TO DO
Leave out pictures; repeat exactly the lines from the "Bumble and Bumble" line through the last of the data below.

RAW DATA
Content starts
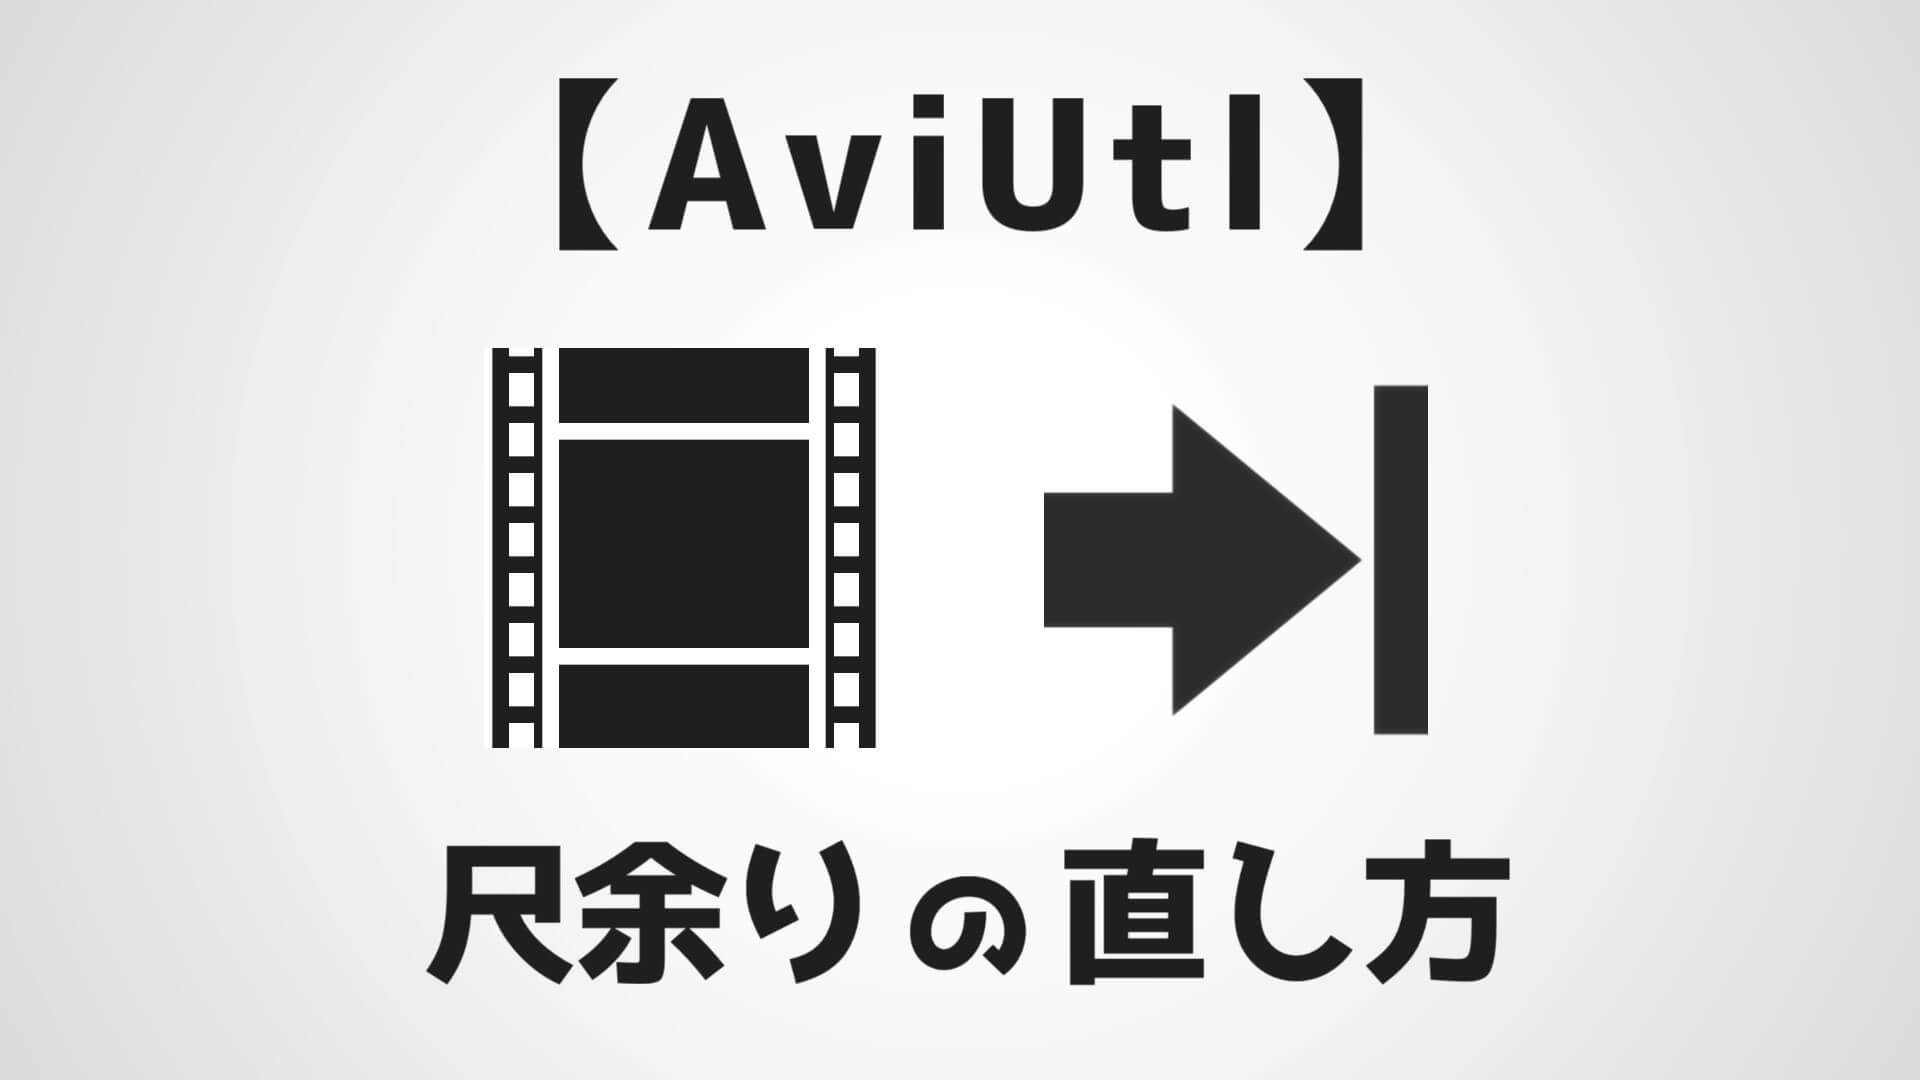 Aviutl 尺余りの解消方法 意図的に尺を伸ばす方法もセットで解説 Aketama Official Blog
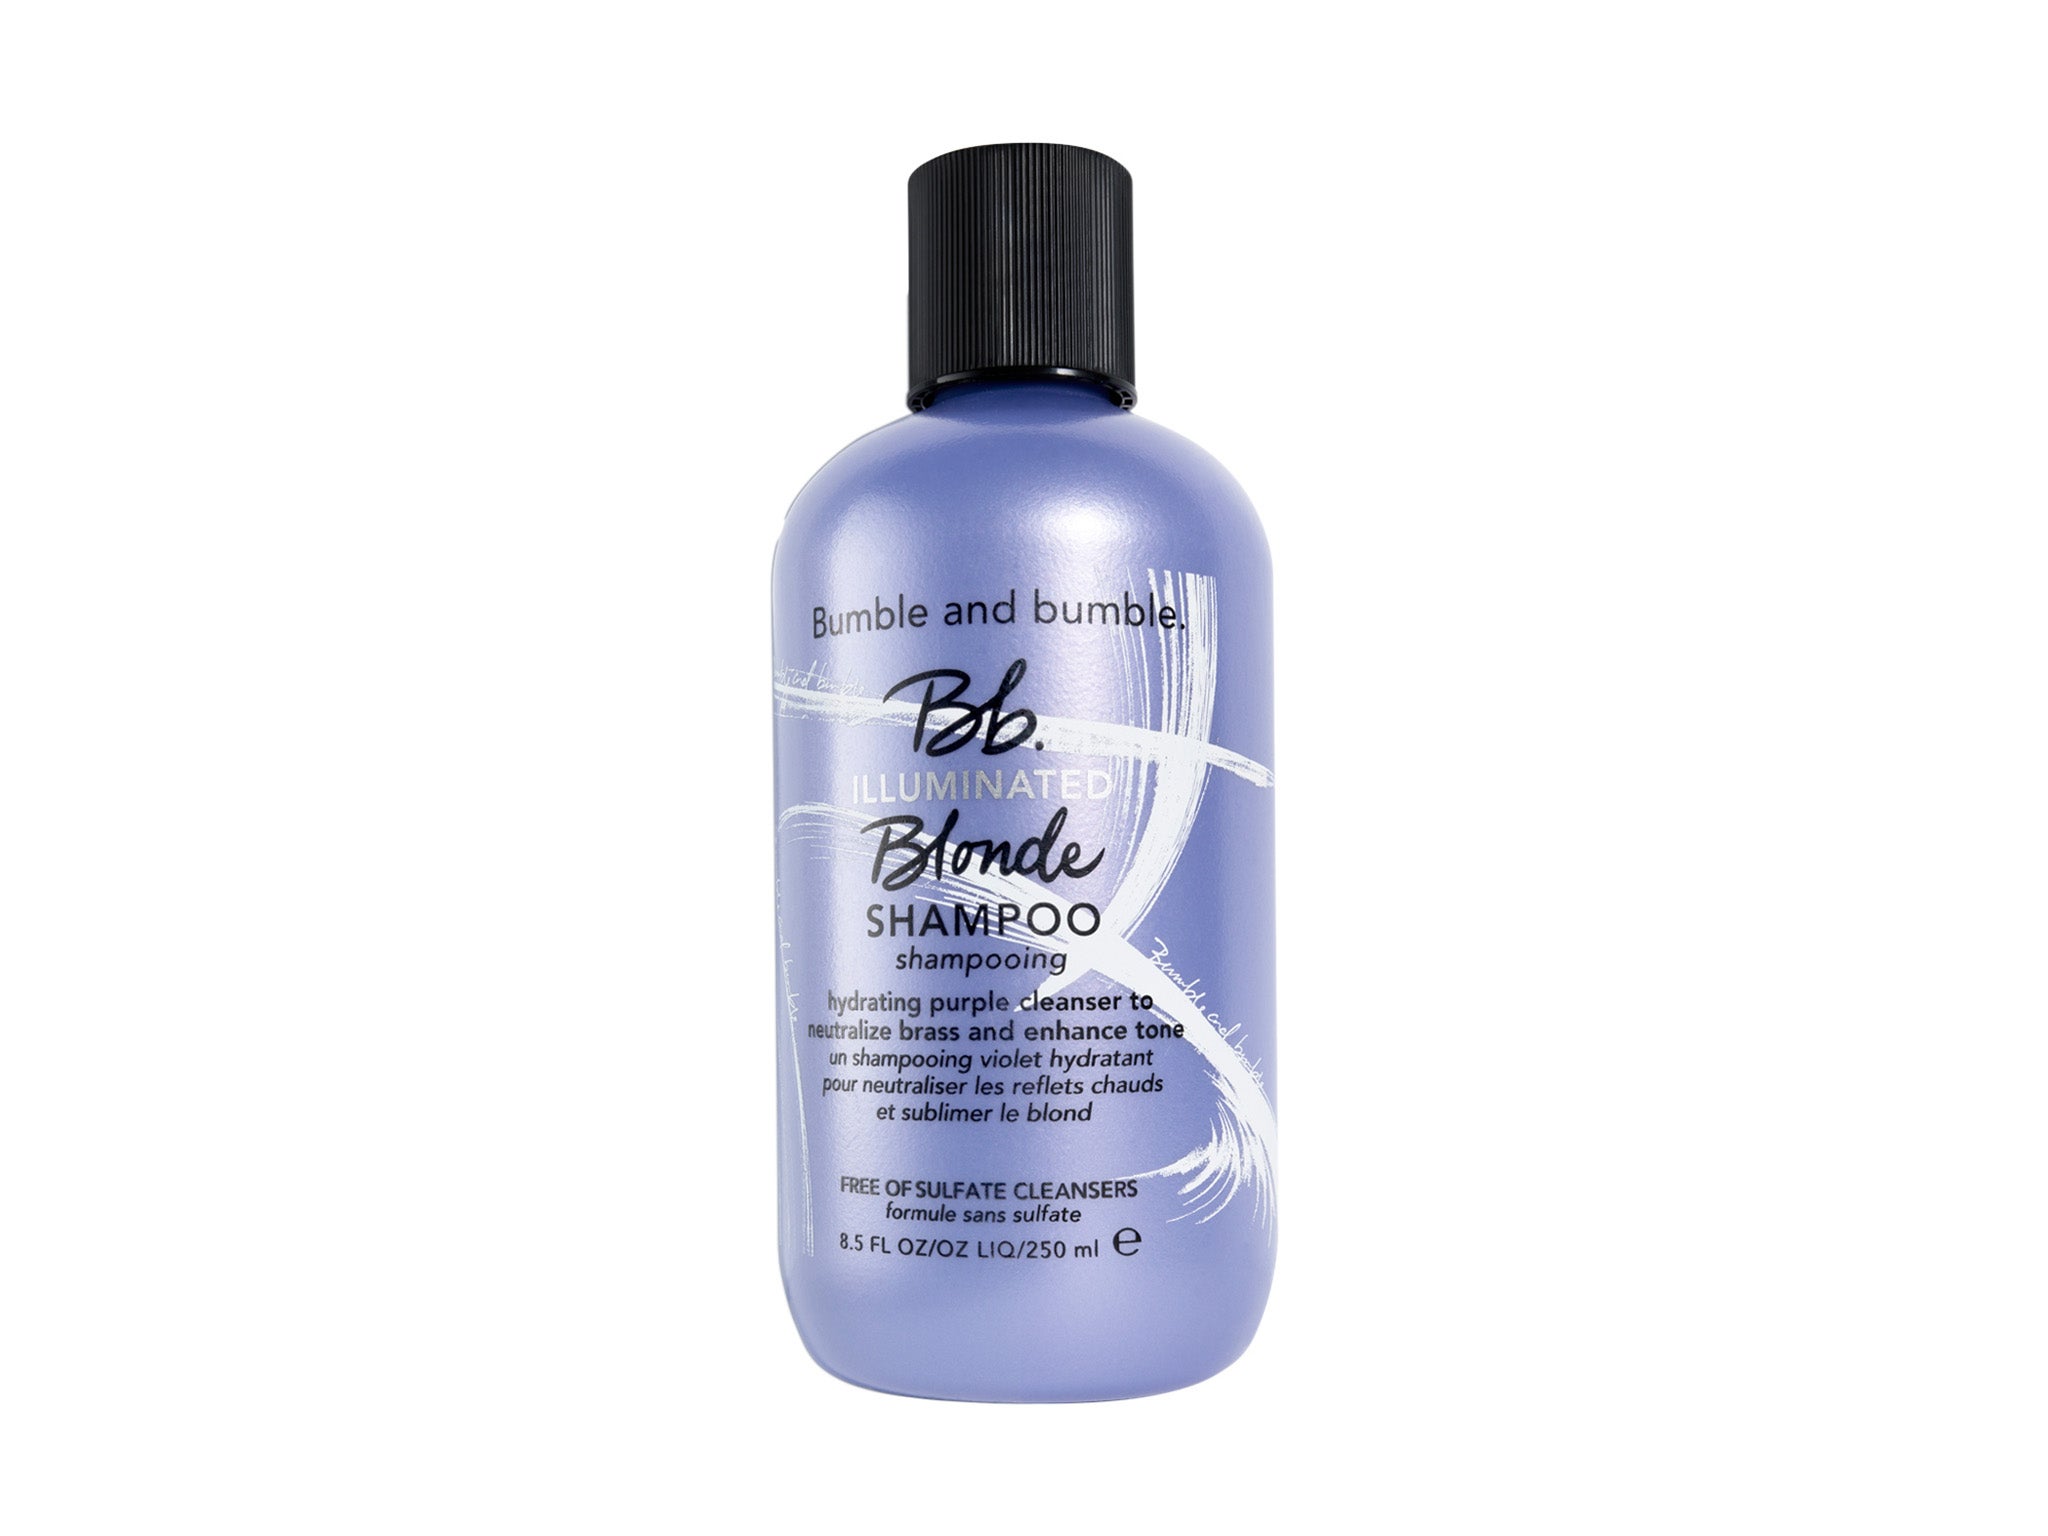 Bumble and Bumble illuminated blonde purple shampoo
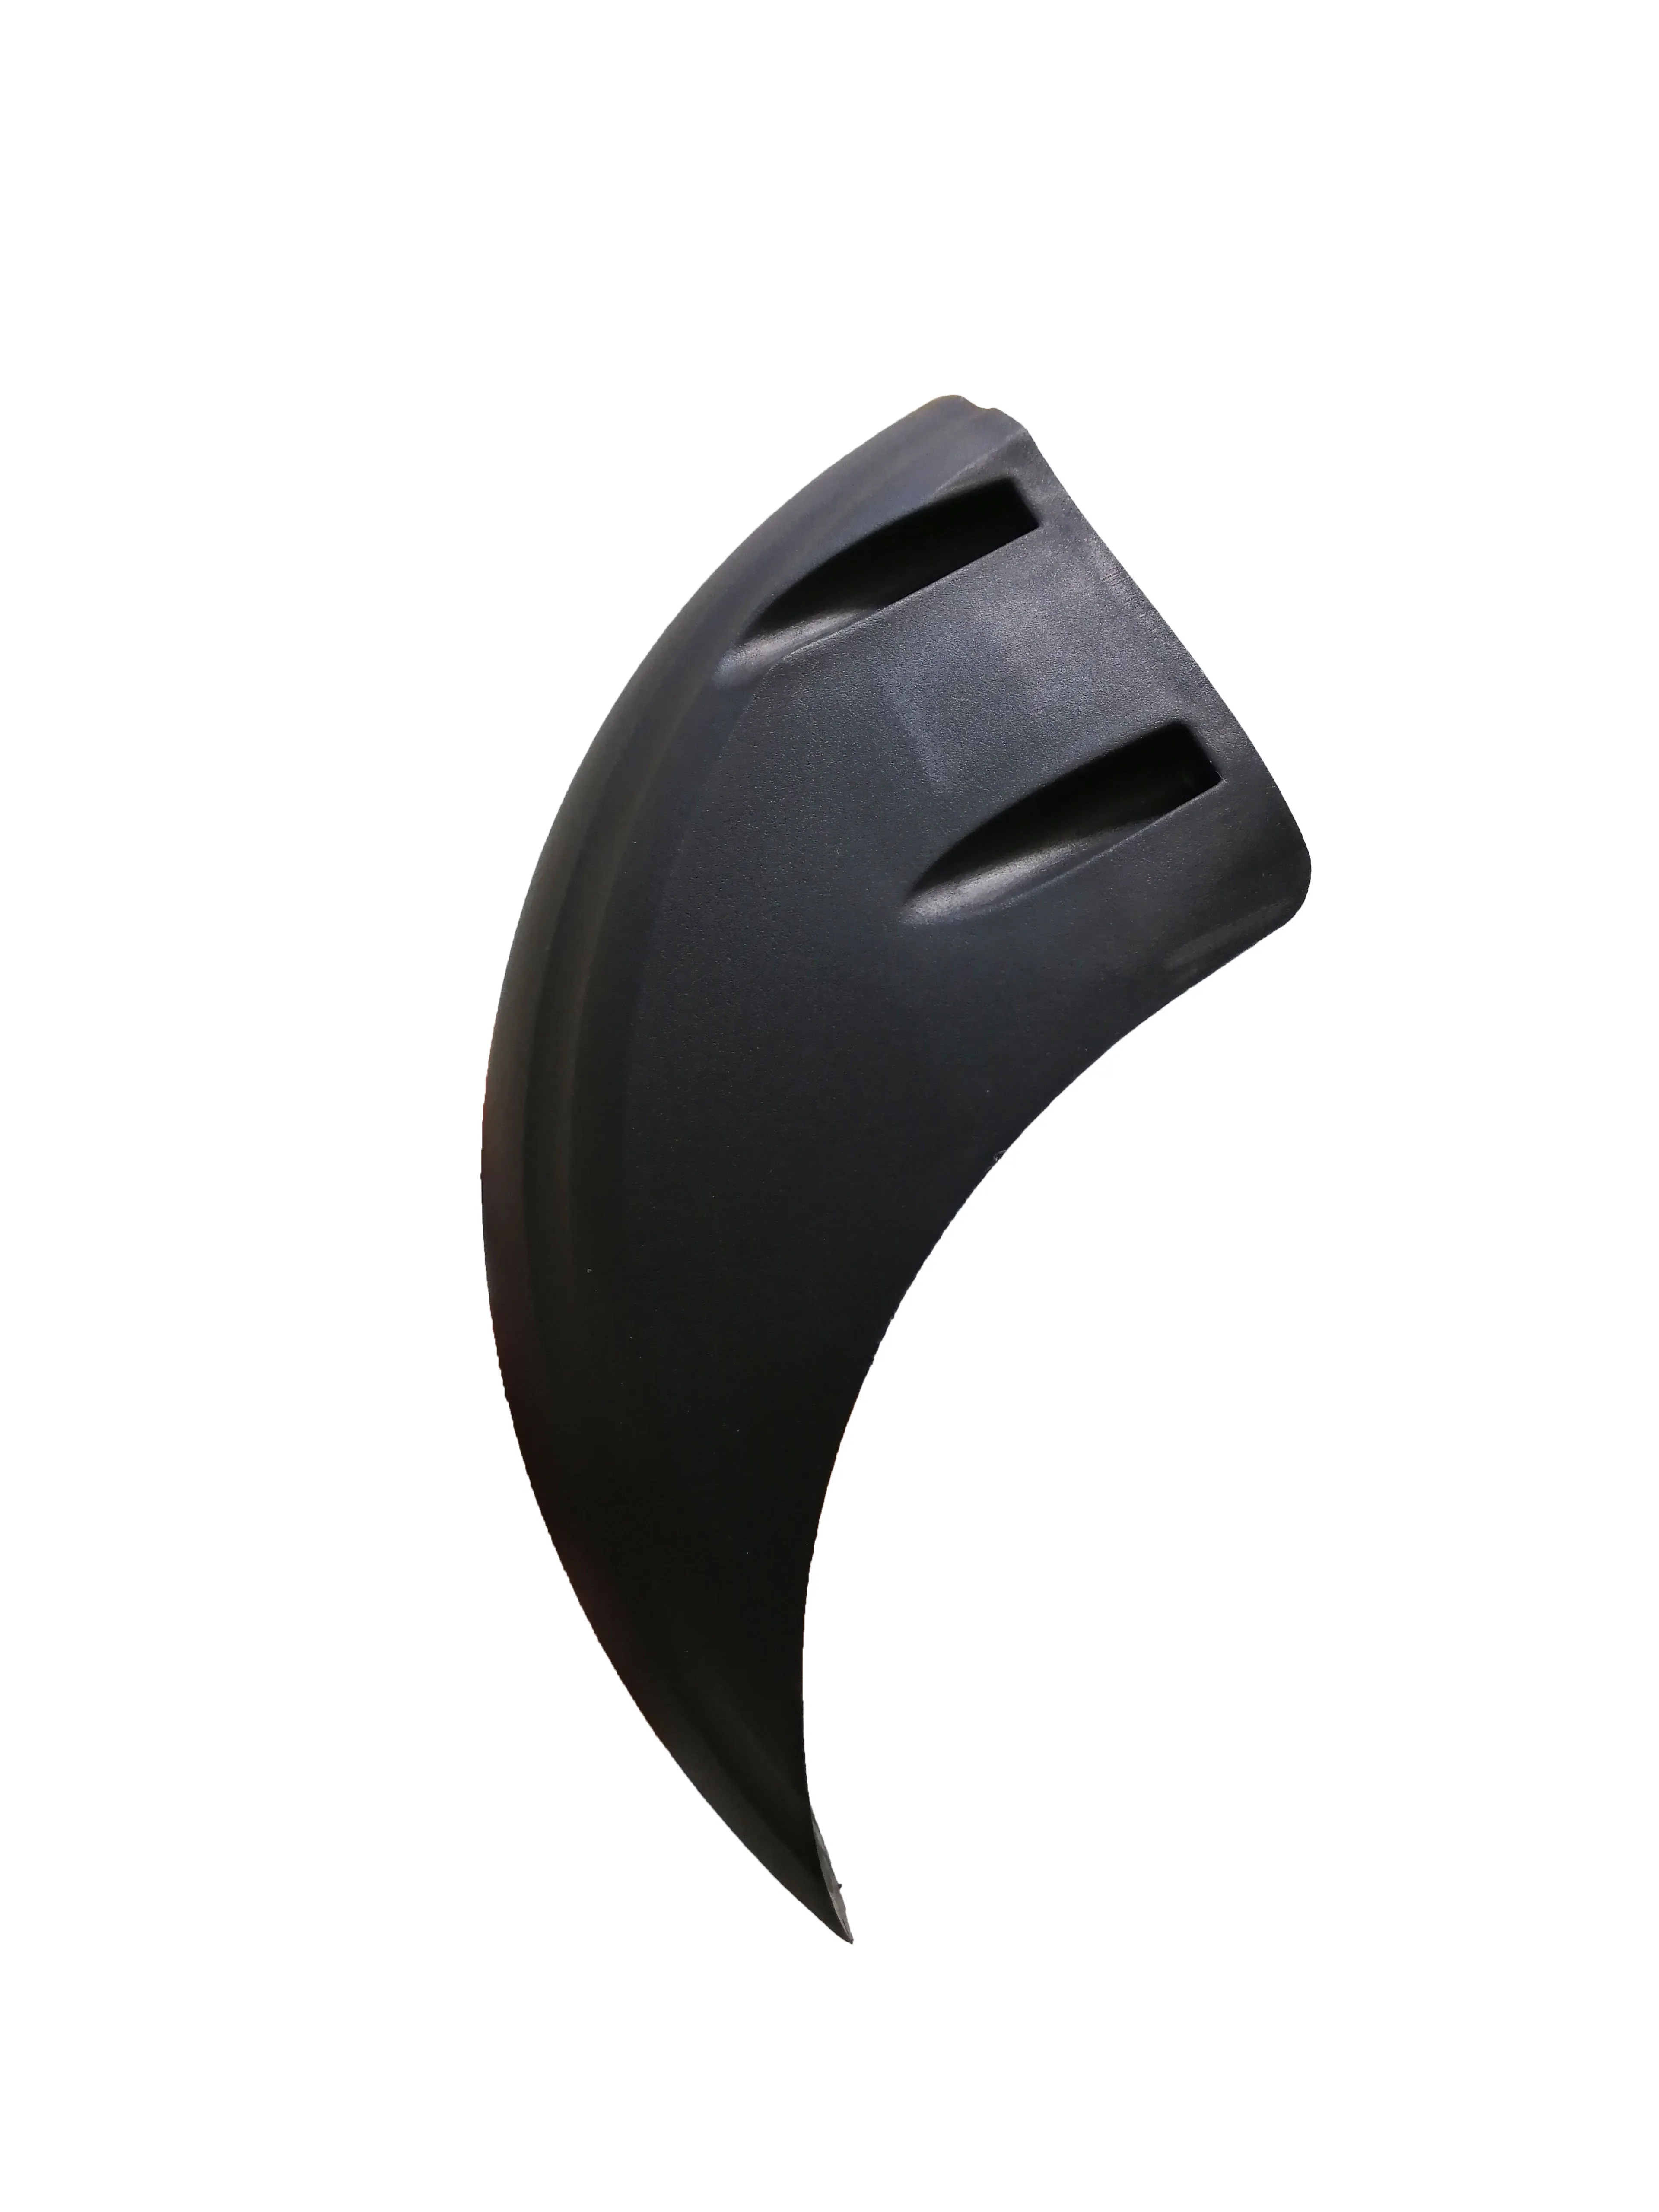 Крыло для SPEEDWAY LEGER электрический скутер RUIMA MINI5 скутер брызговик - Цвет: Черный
Content ends
WORKED SOLUTION
 Bumble and Bumble illuminated blonde purple shampoo
 Крыло для SPEEDWAY LEGER электрический скутер RUIMA MINI5 скутер брызговик - Цвет: Черный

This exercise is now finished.